As the World Health Organization deems it, the problem this “infodemic” presents is obvious; the solution, on the other hand, remains in question. While the steps taken by Twitter and Facebook are a good start, more needs to be done to help individuals struggling to navigate the modern media landscape. I believe that media literacy courses should be required for all Canadians at the high school level, in order to reduce the spread of misinformation, and improve social media as a news-sharing platform.

Per a Ryerson University study, 94 per cent of online Canadians use social media. More than half of those users reported having come across some form of misinformation. A McGill University study found that the more a user relied on social media for news related to the pandemic, the more likely they were to defy public health guidelines. The inverse is equally true: the more a person relies on traditional news media for pandemic information, the more likely they were to follow the guidelines. A similar study at Carleton University found that almost half of Canadians surveyed believe at least one Corona virus conspiracy theory, with more than 25 per cent believing the virus was engineered in China as a weapon.

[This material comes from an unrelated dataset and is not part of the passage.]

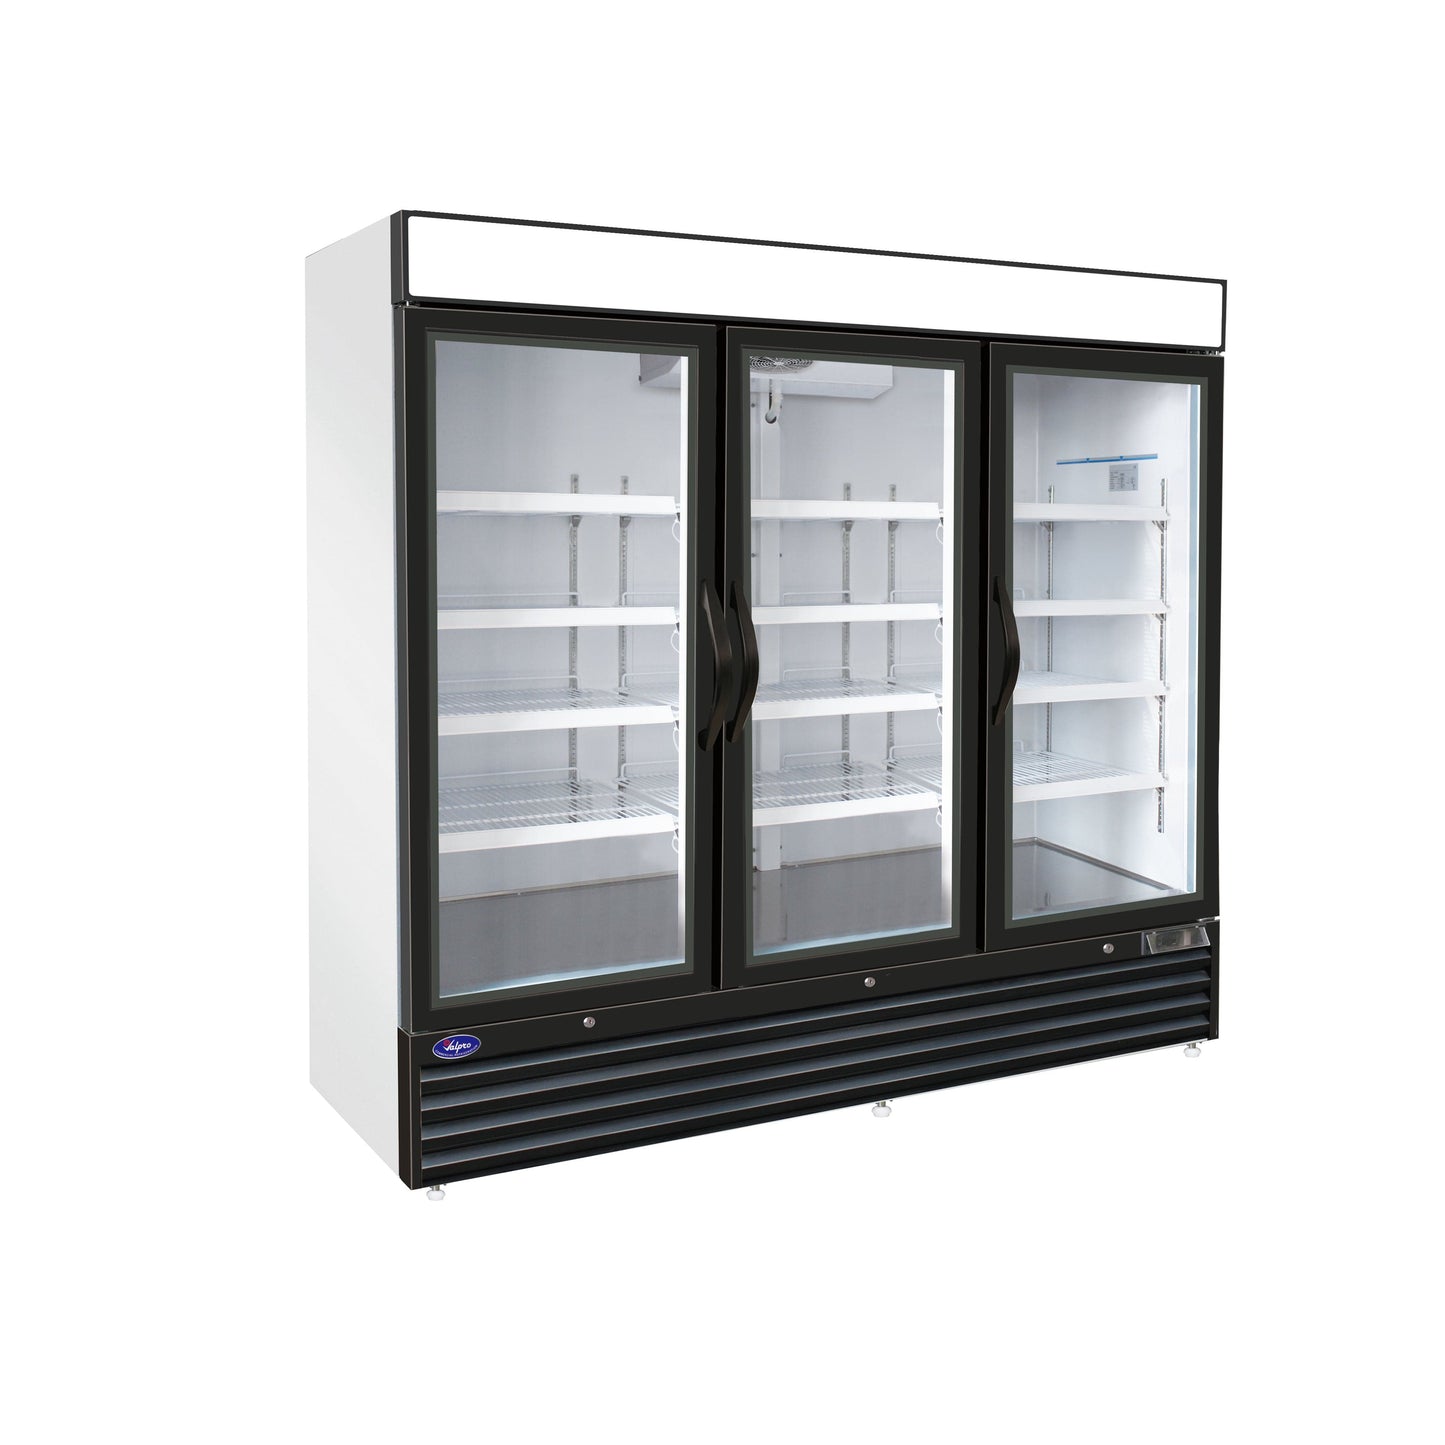 Valpro 72 cu.ft. Merchandiser Refrigerator With 3 Swing Glass Doors

There are media studies courses that focus on the influences that advertising, propaganda and even cinema can have on consumers. But in the digital ecosystem that we currently find ourselves in, it has become essential to realize why misinformation exists on social media, and who benefits from it. Yet, students are never taught how to use these platforms properly.

In April, the Canadian government invested $3 million in order to help fight against virus-related misinformation. The money will be divided among several programs with the aim of “helping Canadians become more resilient and think critically.” As recently as late October, the federal government launched a program in collaboration with MediaSmarts to benefit Media Literacy Week in 2020, 2021, and 2022.

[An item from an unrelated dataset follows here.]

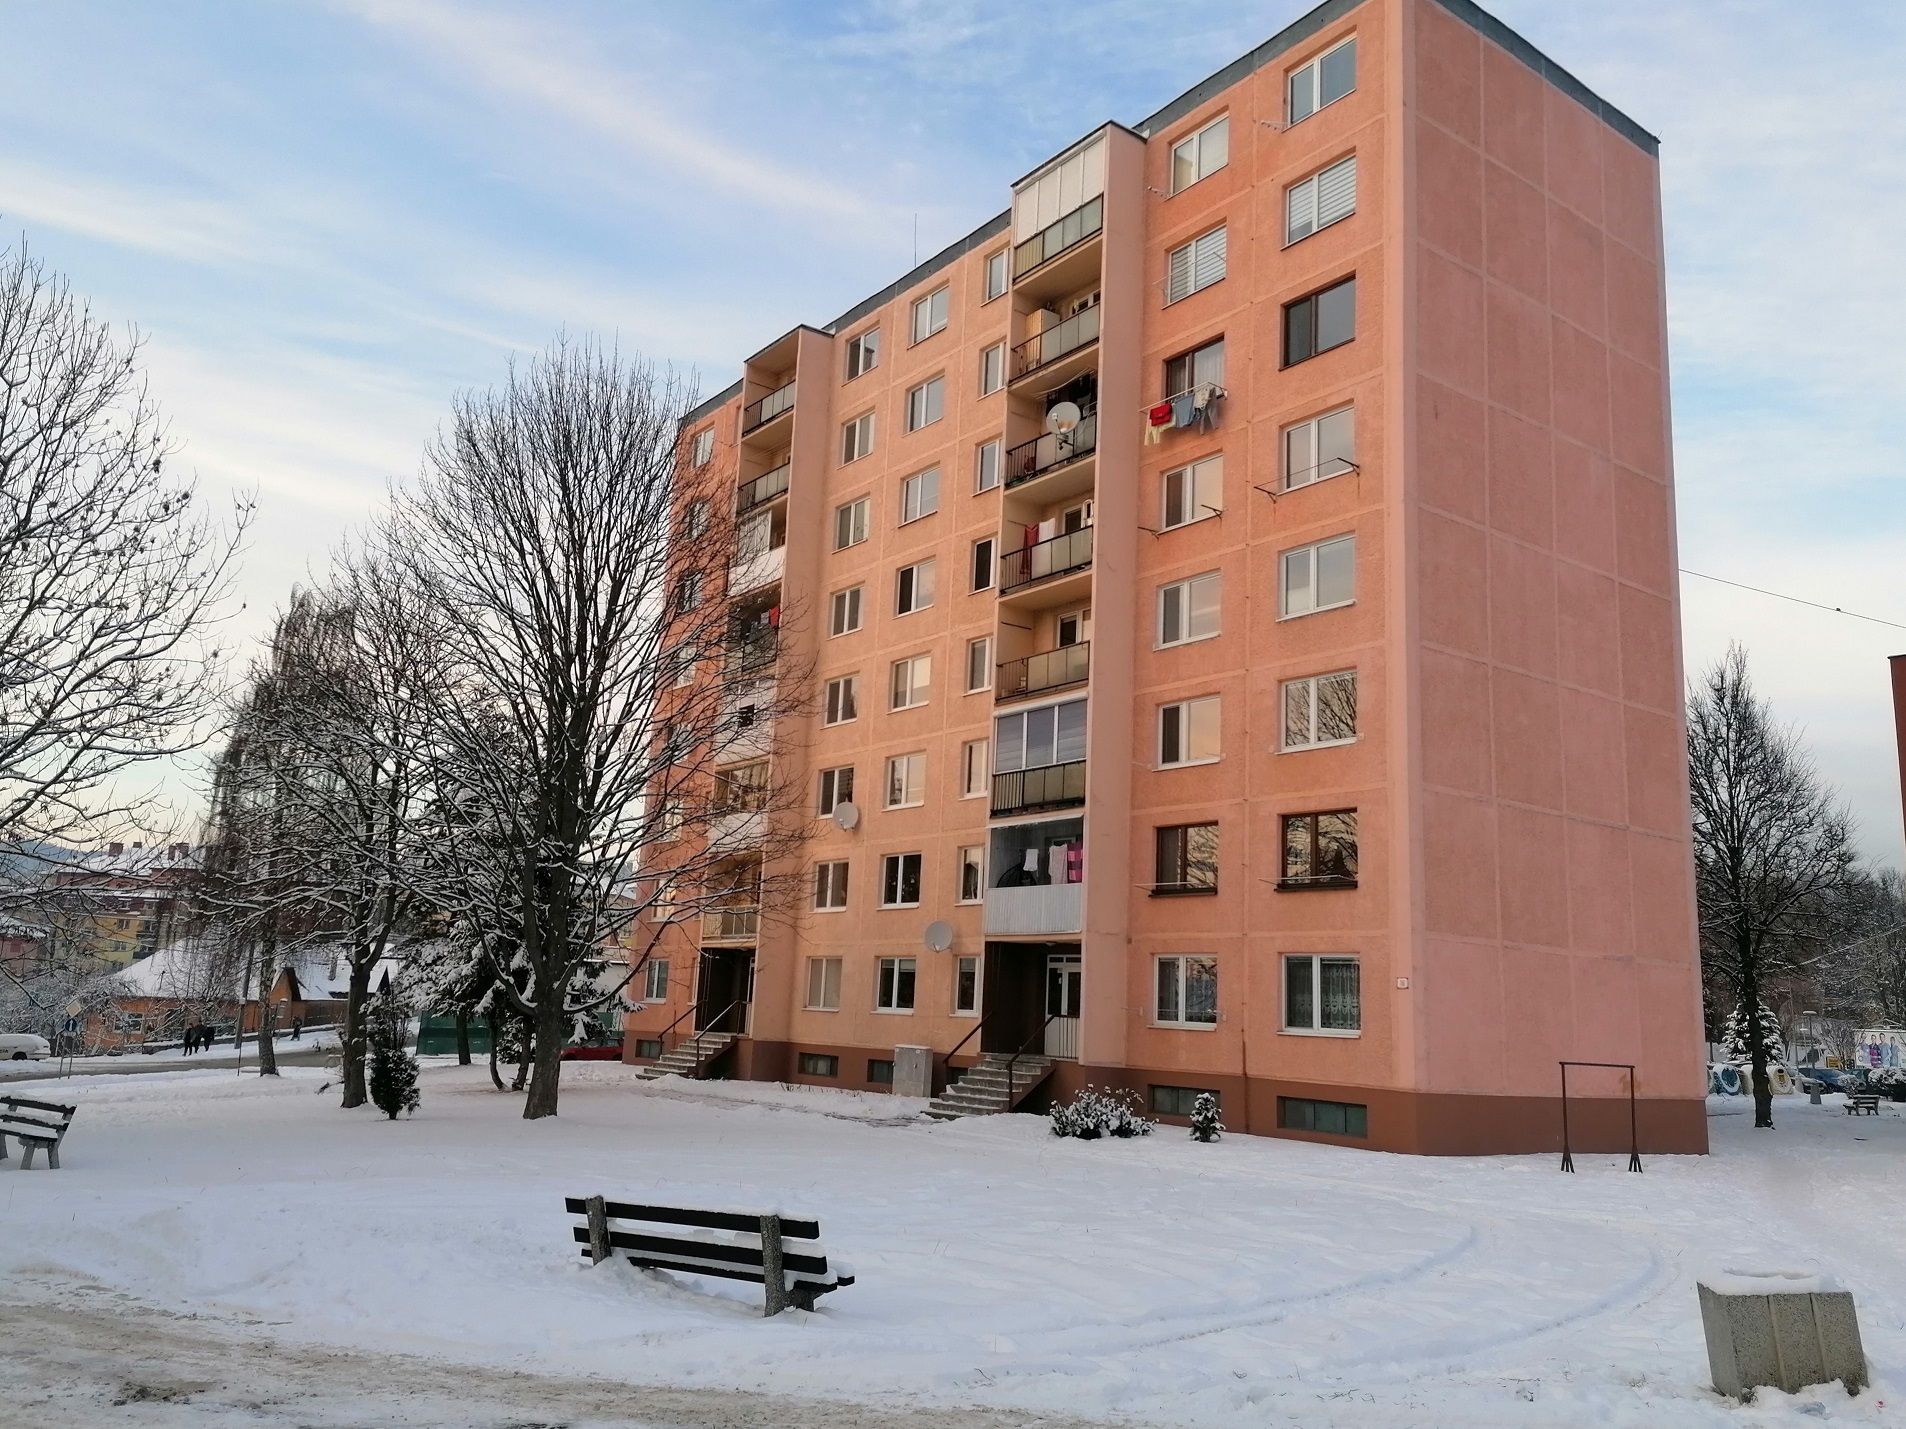 PREDANÉ: 3-izbový čiastočne zrenovovaný byt, Levoča, sídlisko Pri Prameni, blok Jantár

This plan, while well-intentioned, is reactive rather than proactive. Viewing misinformation related to the pandemic as a blip rather than the new normal is potentially very dangerous.

Last year in the U.S., a federal bill was introduced calling for $20 million of investment in media literacy education. Since then, 15 states have introduced media literacy bills, which aim to add media literacy as a part of the required high school curriculum. Beyond more consistent and clear messaging from all levels of government, experts prescribe some level of training required for students. Right now, social media users are left to use the formative platforms without the proper equipment; they are placed in a sea of information without a life raft.

In order to remedy its problem with misinformation, it will be essential for Canadian students to be instructed in media literacy by the time they graduate from high school. This baseline education, coupled with the advocacy we continue to see from groups such as MediaSmarts, creates a more educated media-consuming population. In the midst of this pandemic, it is media literacy, even more than epidemiology or politics, that could prove to be the greatest life-saver.